A modificação no uso da propriedade feita pelos assentamentos rurais necessita ser drástica, isto é, o modo de produção precisa apresentar características estruturais totalmente diferentes do que era antes. Sendo assim, cabe colocar que a formação dos assentamentos não pode ser um processo tênue e transitório de concessão da terra com vistas a acalmar as inquietações dos trabalhadores sem-terra, mas, deve sim ser uma nova estrutura produtiva.
Neste contexto, pode-se então, afirmar que o assentamento não é uma ação evolutiva, mas um tipo de dispositivo legal que acaba gerando sempre novos conflitos na busca dos assentados por seus direitos[1].

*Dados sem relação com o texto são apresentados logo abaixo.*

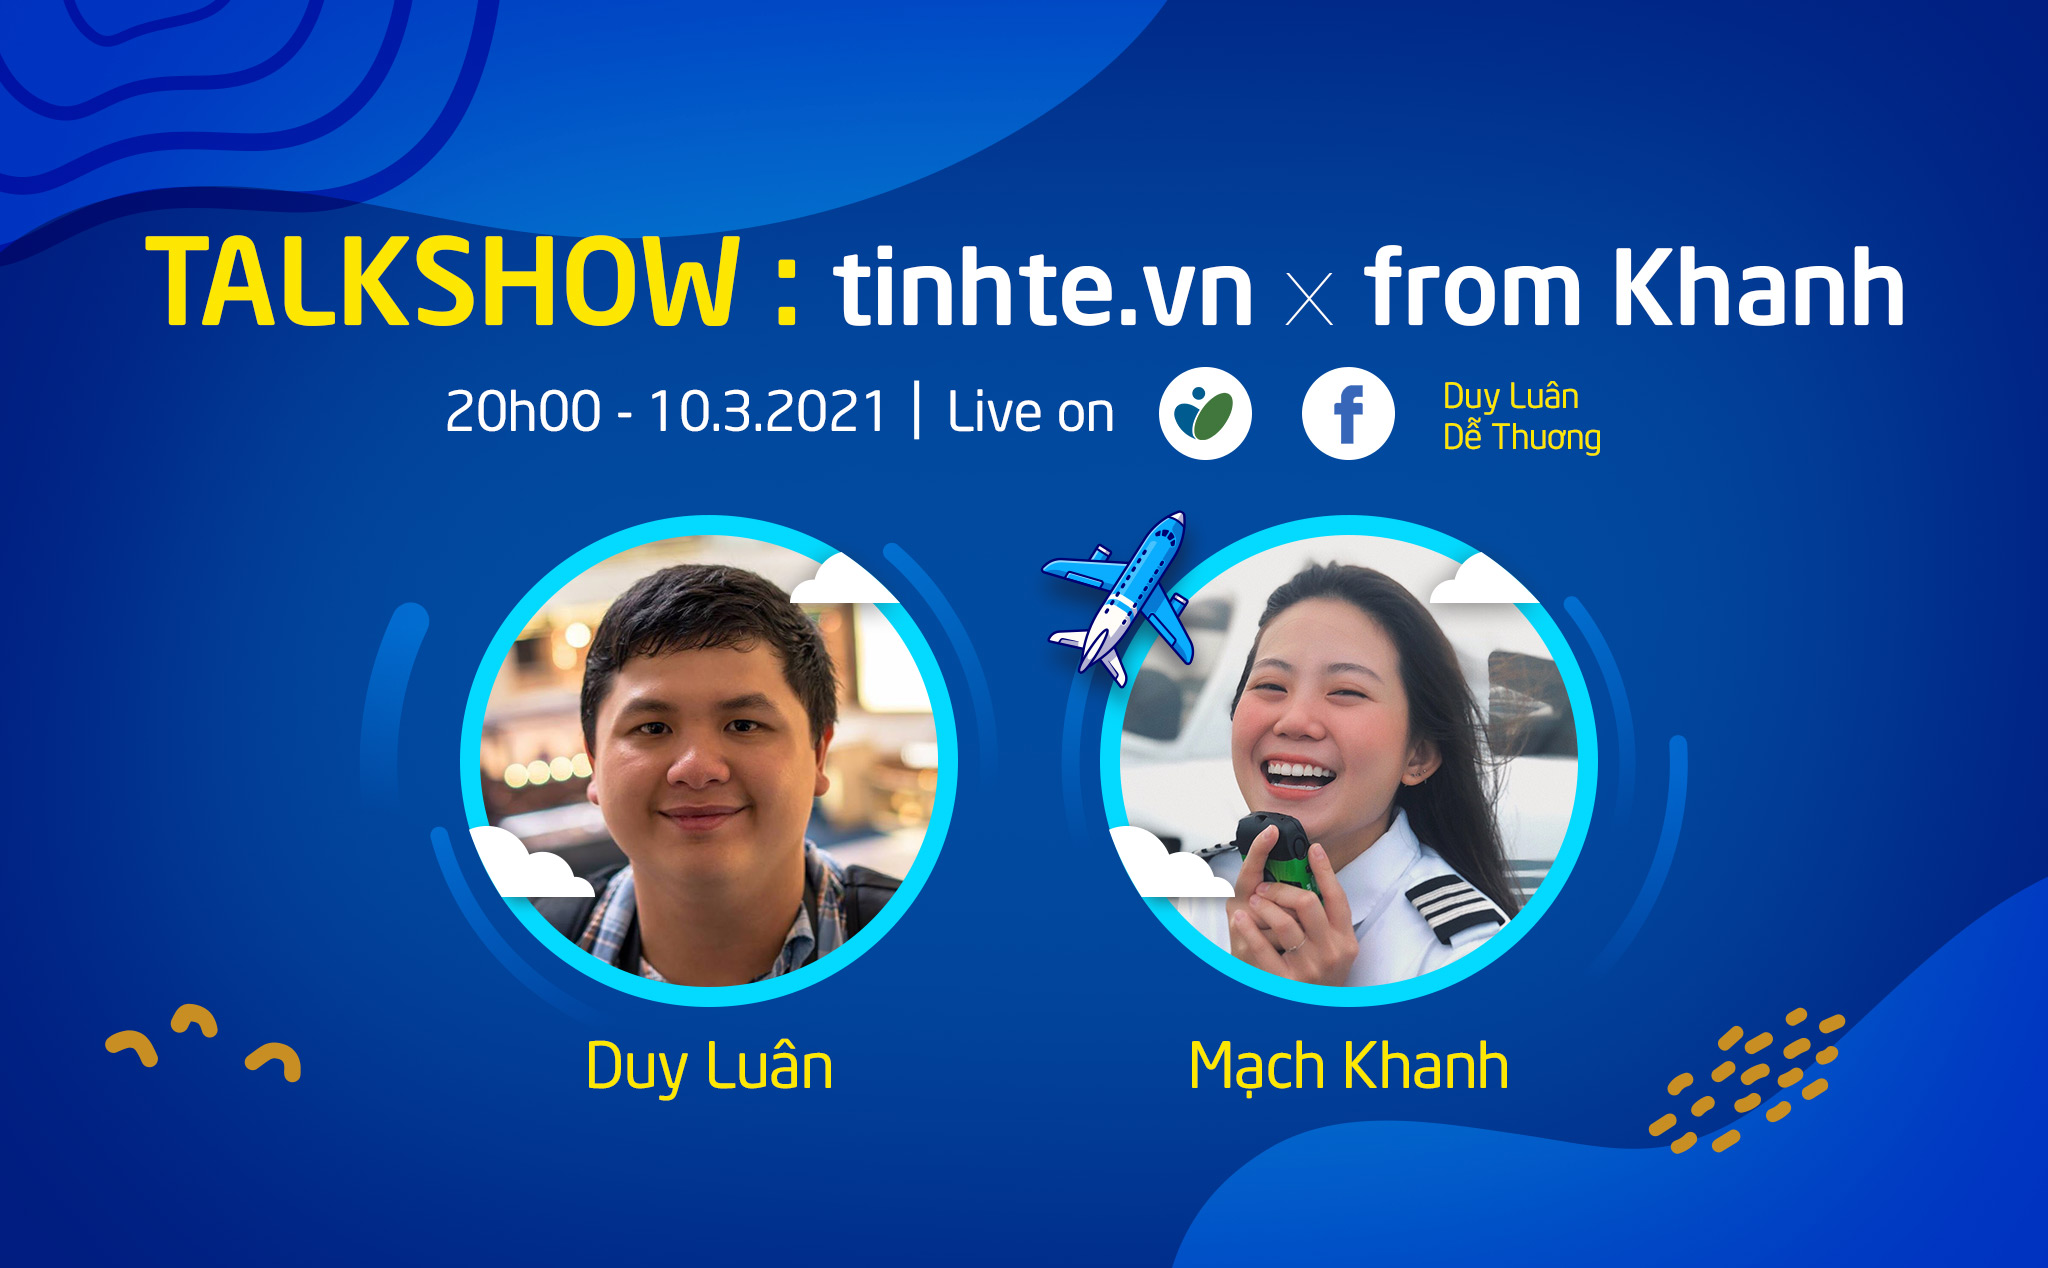 8pm tối nay: livestream giao lưu với Mạch Khanh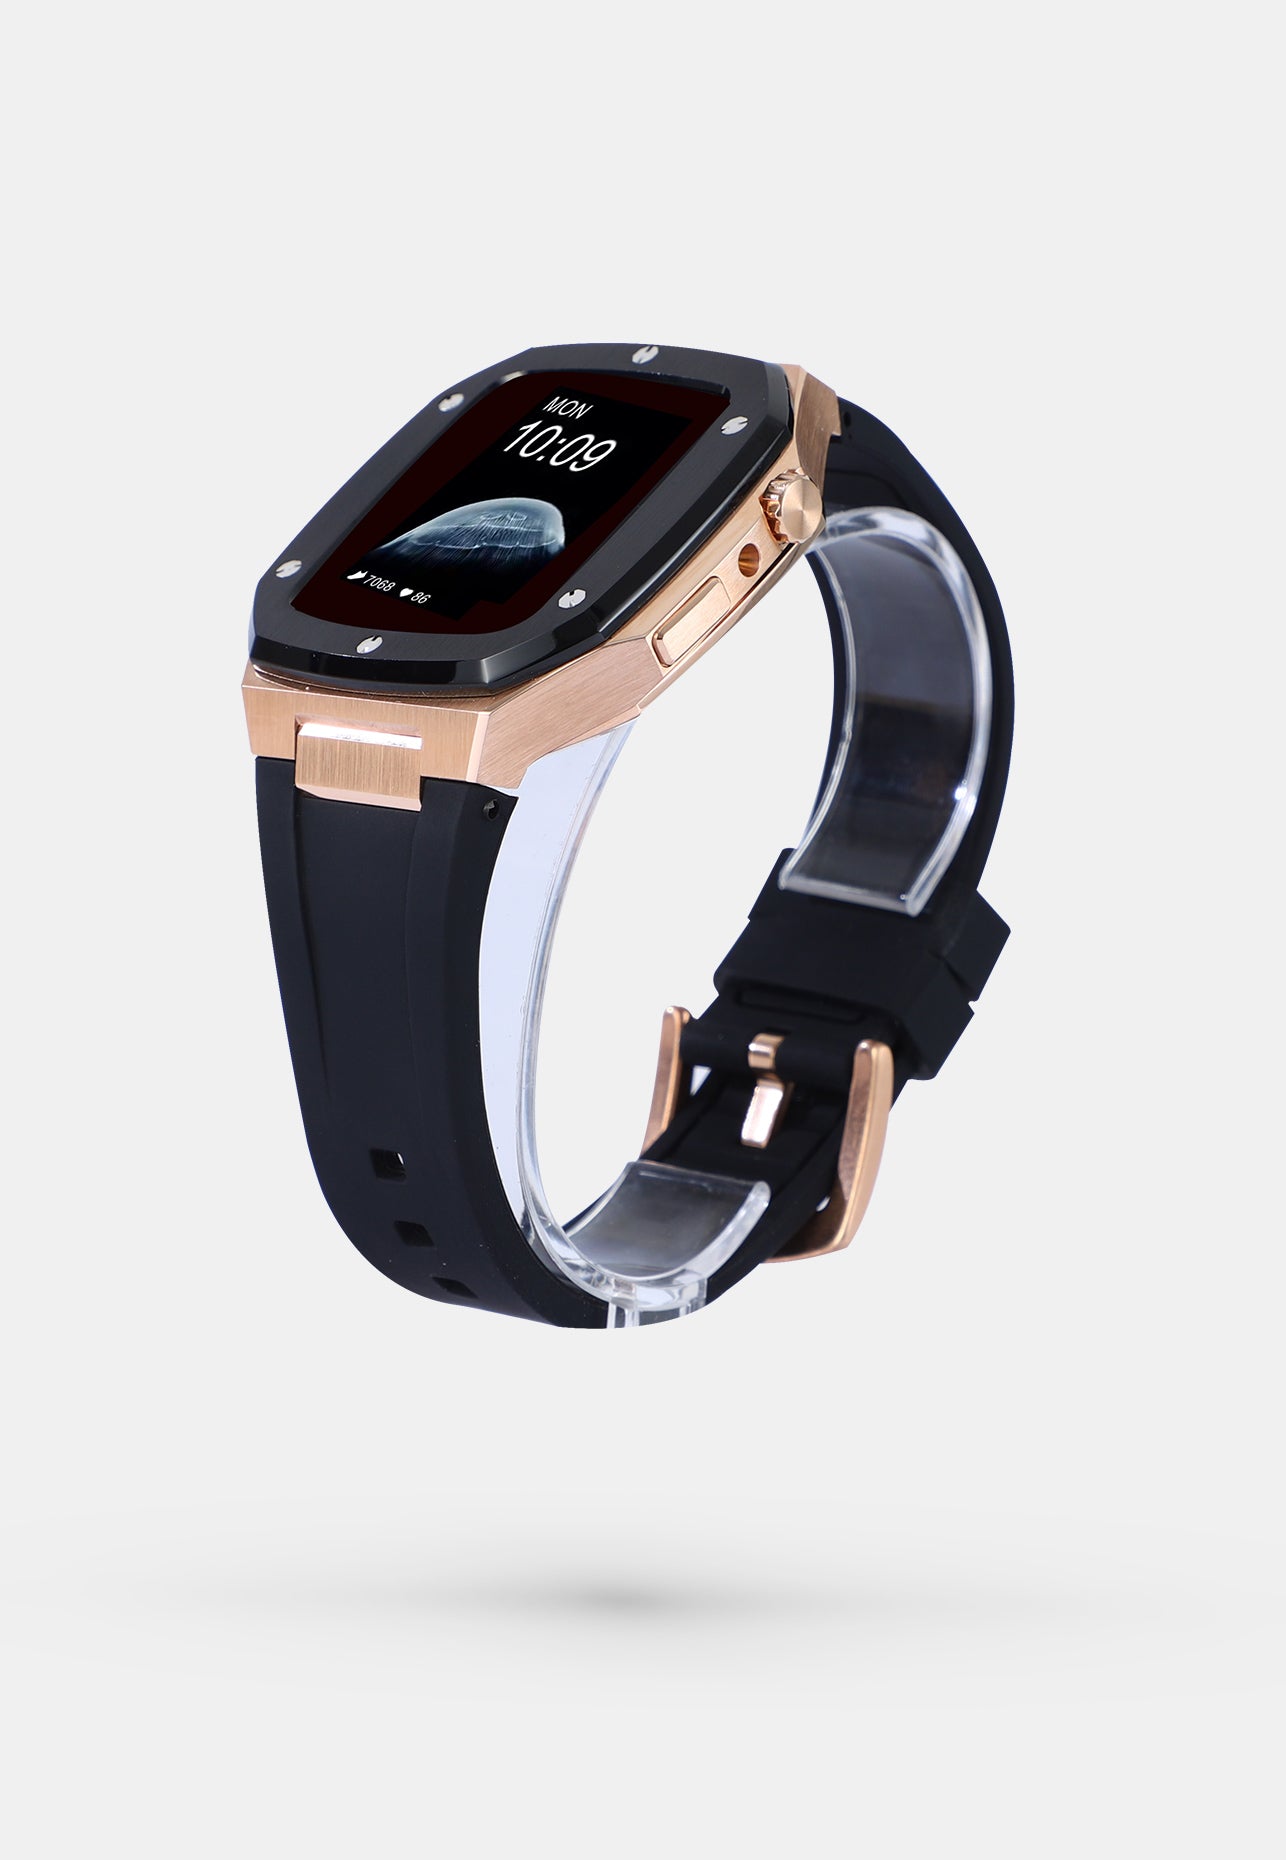 Offshore Black - Accessoire Apple Watch - Coque Etui Boitier Noir avec lunette de la Montre en Or Bracelet Noir Appel Watch  4, 5, 6 et SE 44mm cote

Ocorre que, ao longo dos anos, os assentamentos se constituíram num tipo de consagração da luta – a conquista da terra – que logo se desdobraram em novas perspectivas: de produção, de renda, de moradia, de condições dignas de vida. Portanto, promoveram novas frentes de luta, que se pode resumir na busca por crédito, assistência técnica e; infra-estrutura física, econômica e social.
Contudo, há que se destacar que o modo de produção dos assentamentos repetiu o da ”revolução verde” – onde a base técnica da agricultura passa a utilizar insumos químicos e mecânicos, com reflexos ambientais. Não houve mudanças, a produção assentada ocorreu na mesma base técnica do que antes.
Permeou nesse sistema de produção dos assentados a seguinte constatação: à medida que o processo produtivo se estabeleceu, a autonomia da unidade familiar assentada manteve sua subordinação às leis dominantes do setor patronal/agroindustrial.
Observa-se que apesar dos ganhos sociais que foram viabilizados com a criação dos assentamentos, a trajetória produtiva dos mesmos foi marcada pela manutenção do modo de produção anterior, sendo que esta manutenção do “status quo” trouxe conseqüências drásticas para autonomia da unidade familiar dos assentados.
As políticas públicas de fomento ao assentamento também não conseguiram reverter e/ou sanar esse quadro perverso. Cabe relembrar também o papel do Estado na condução dos assentamentos. De um lado teve a acuidade com os requisitos e processo de instalação dos assentamentos, em outro momento se mostrou uma instituição oscilante e muita vez ausente do seu papel de alicerce do processo produtivo do assentado.
Tem que se reverter essa situação. Para tanto, há que se propor um tratamento distinto, consagrando o princípio da política agrícola diferenciada, onde se inscreve uma nova agricultura, novo processo produtivo do assentado centrado no trabalho e não no capital.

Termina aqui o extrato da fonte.